Segment Start: THE INPUT

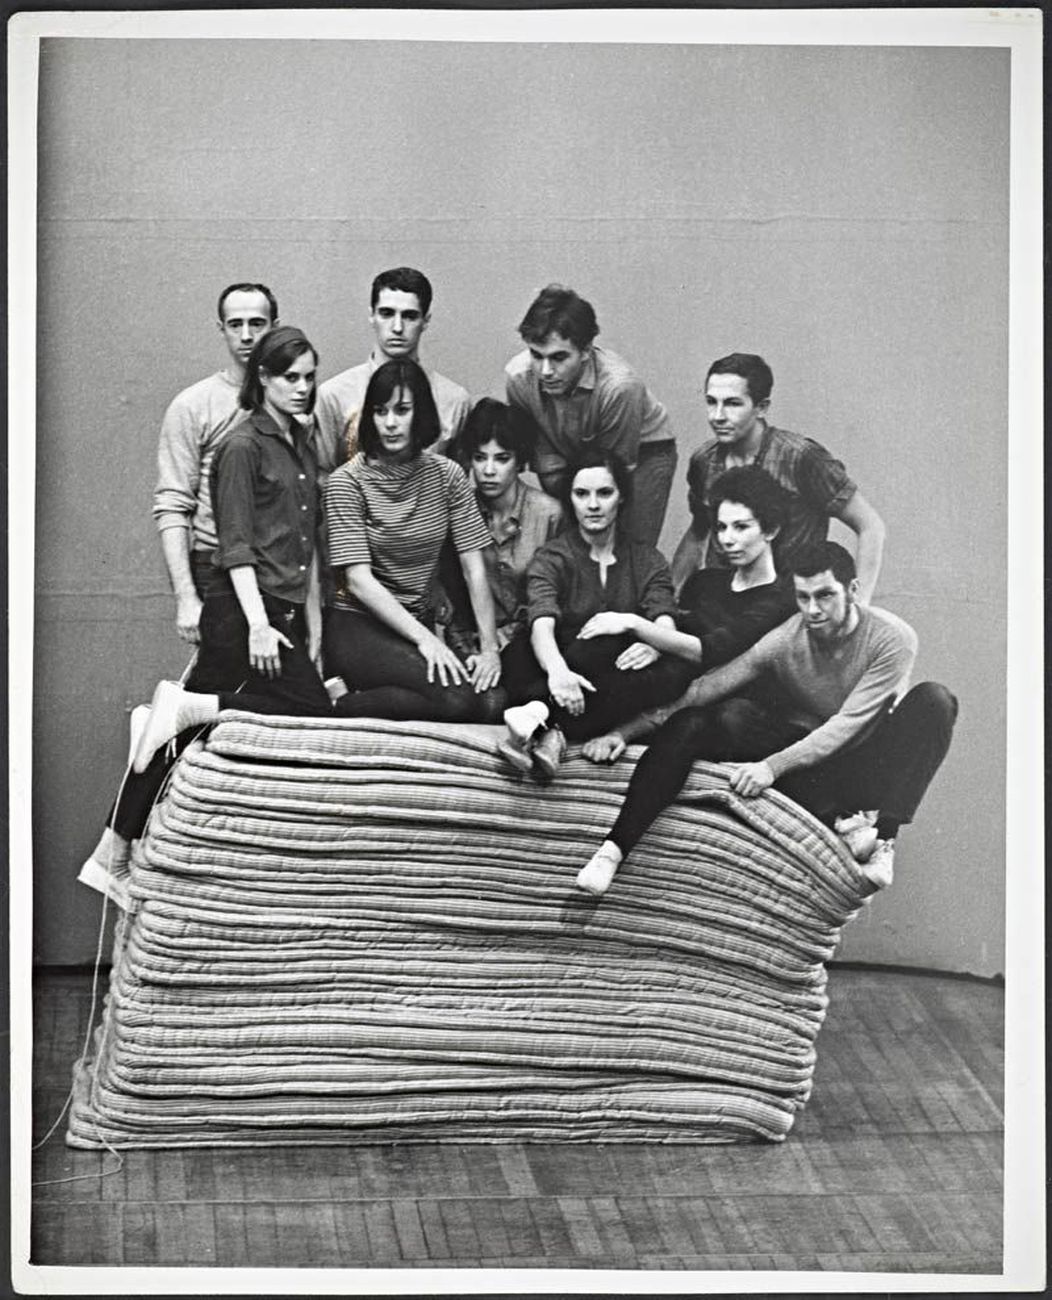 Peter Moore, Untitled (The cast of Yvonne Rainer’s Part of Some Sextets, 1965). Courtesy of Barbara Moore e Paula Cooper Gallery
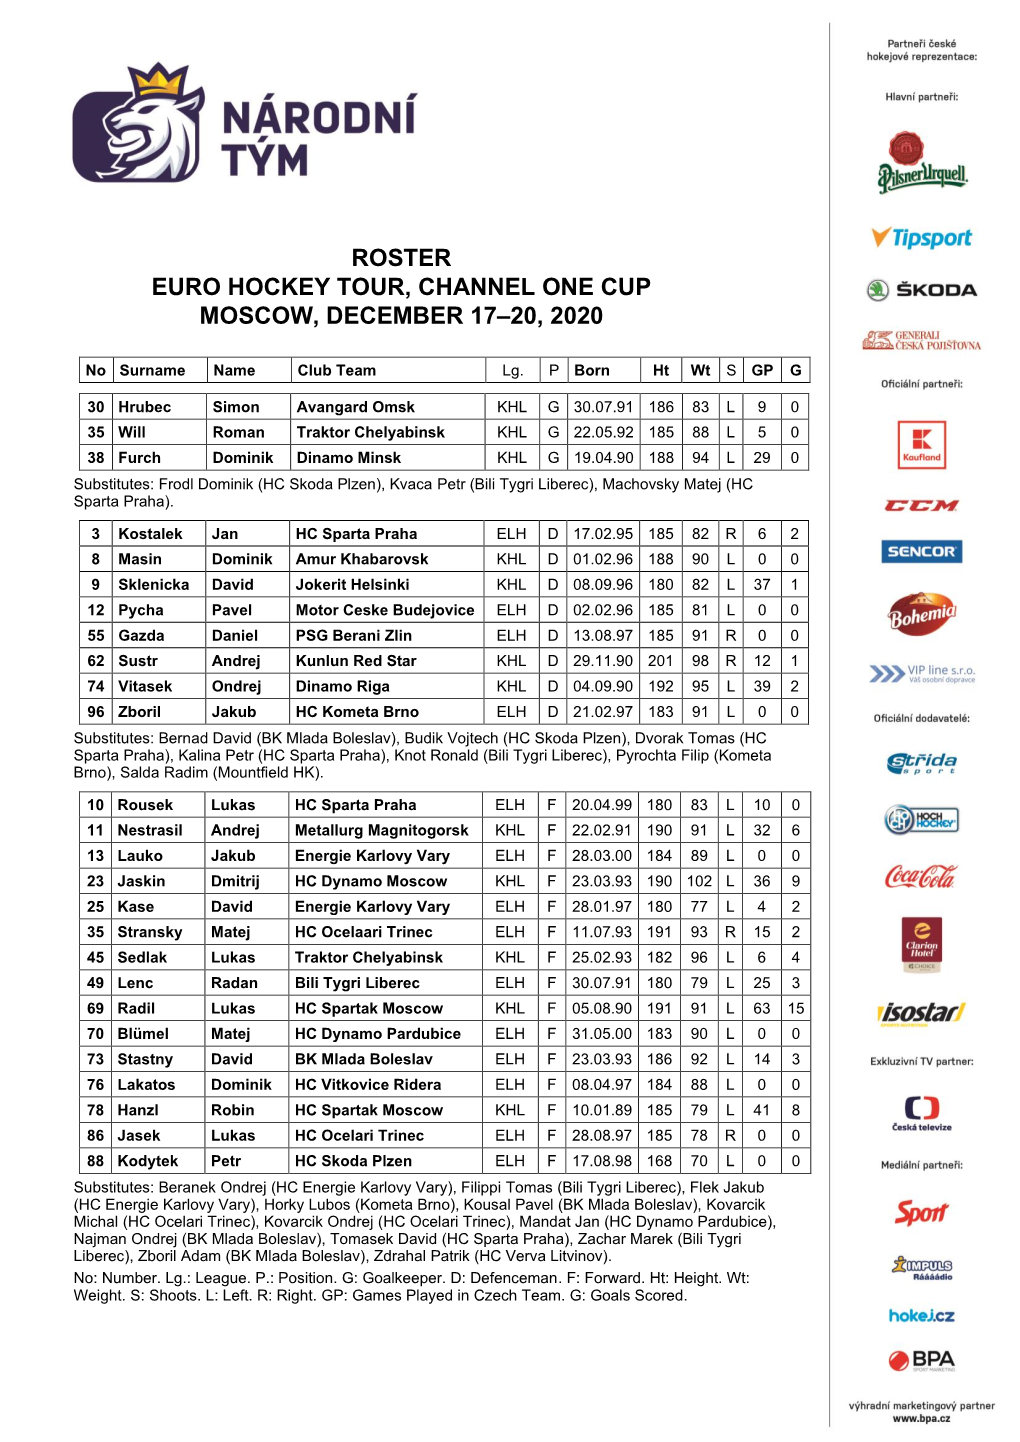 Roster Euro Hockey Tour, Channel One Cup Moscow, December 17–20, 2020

Segment End: THE INPUT
Segment Start: THE INPUT

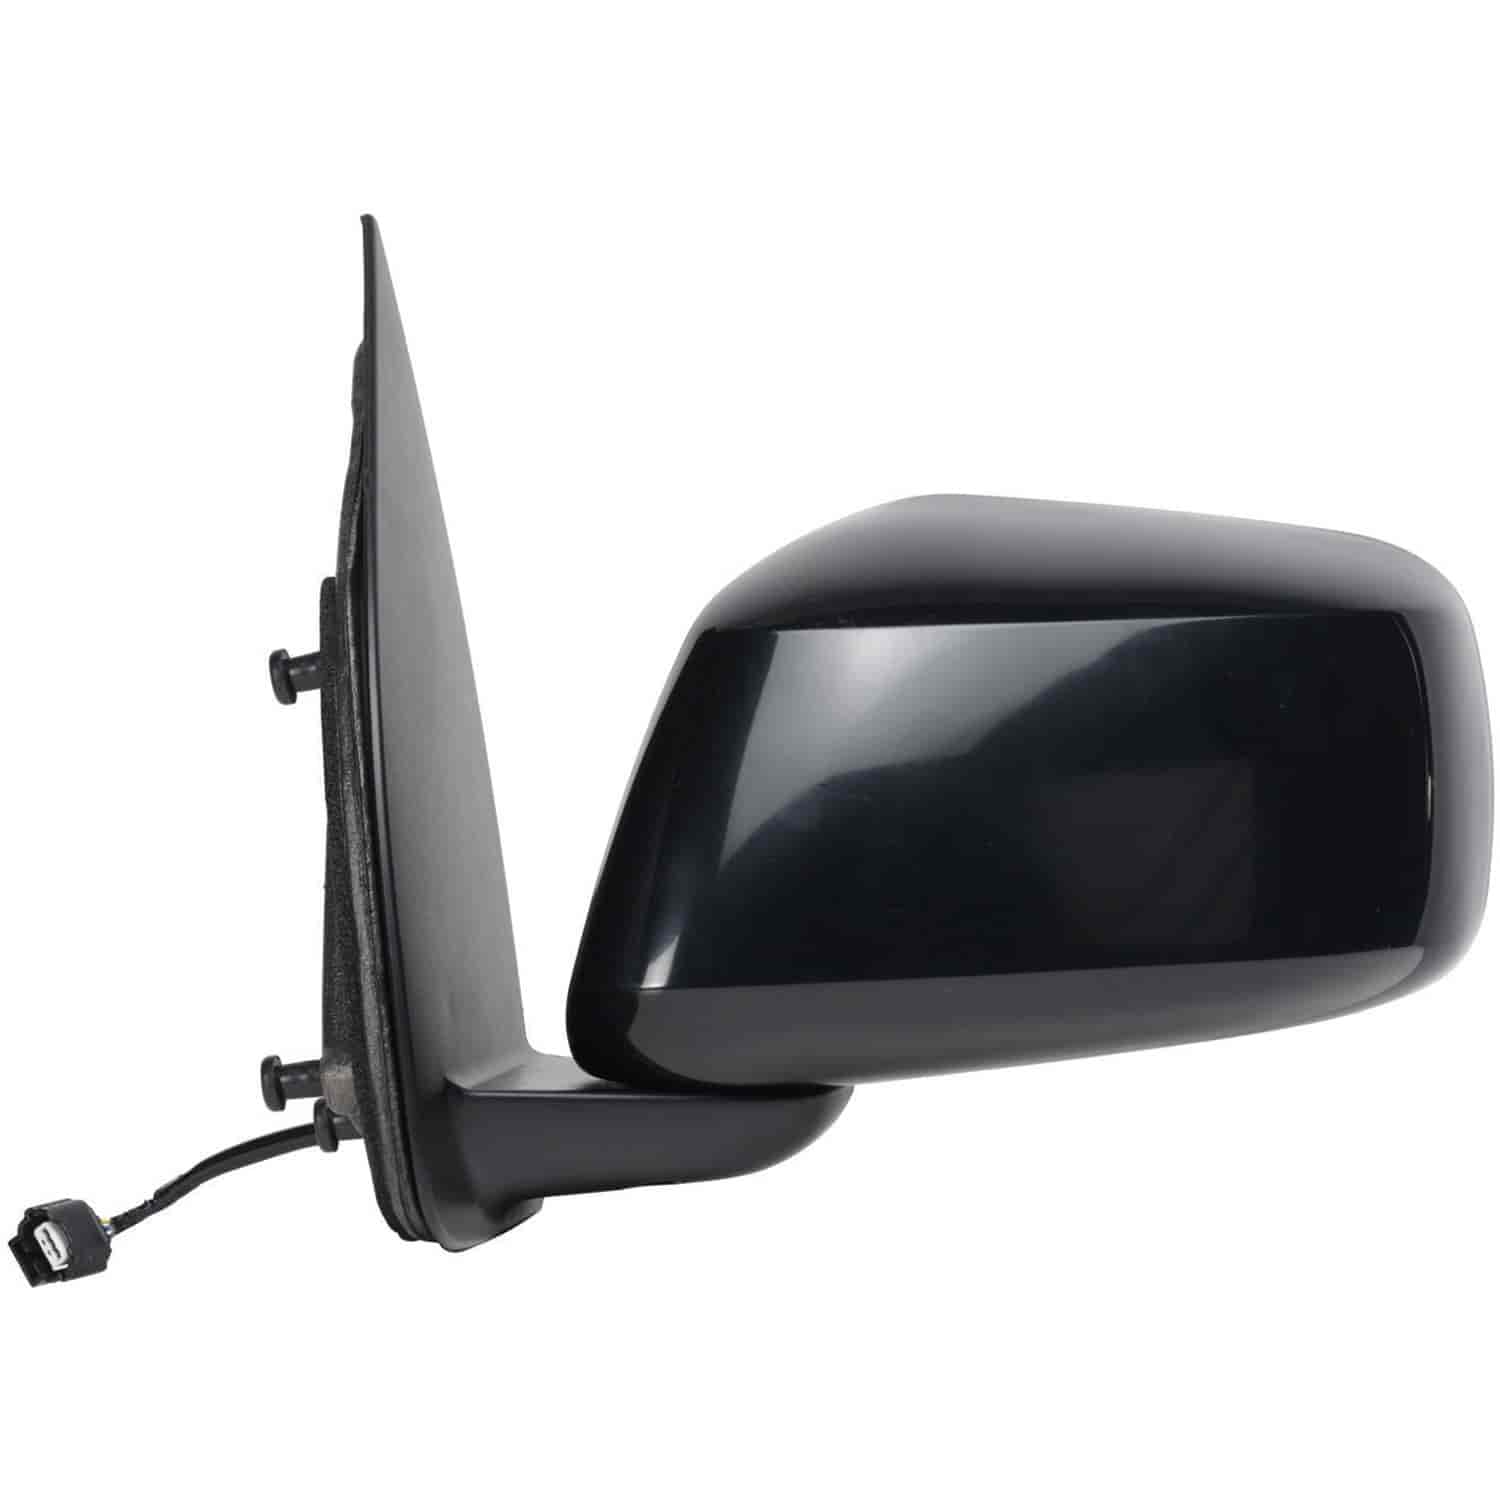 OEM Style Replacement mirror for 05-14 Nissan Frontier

Segment End: THE INPUT

Pictures aside, return exactly the lines from the data above, starting at the line that has "Peter Moore, Untitled" and ending at the line that has "Roster Euro Hockey", both included.

 Peter Moore, Untitled (The cast of Yvonne Rainer’s Part of Some Sextets, 1965). Courtesy of Barbara Moore e Paula Cooper Gallery
 Roster Euro Hockey Tour, Channel One Cup Moscow, December 17–20, 2020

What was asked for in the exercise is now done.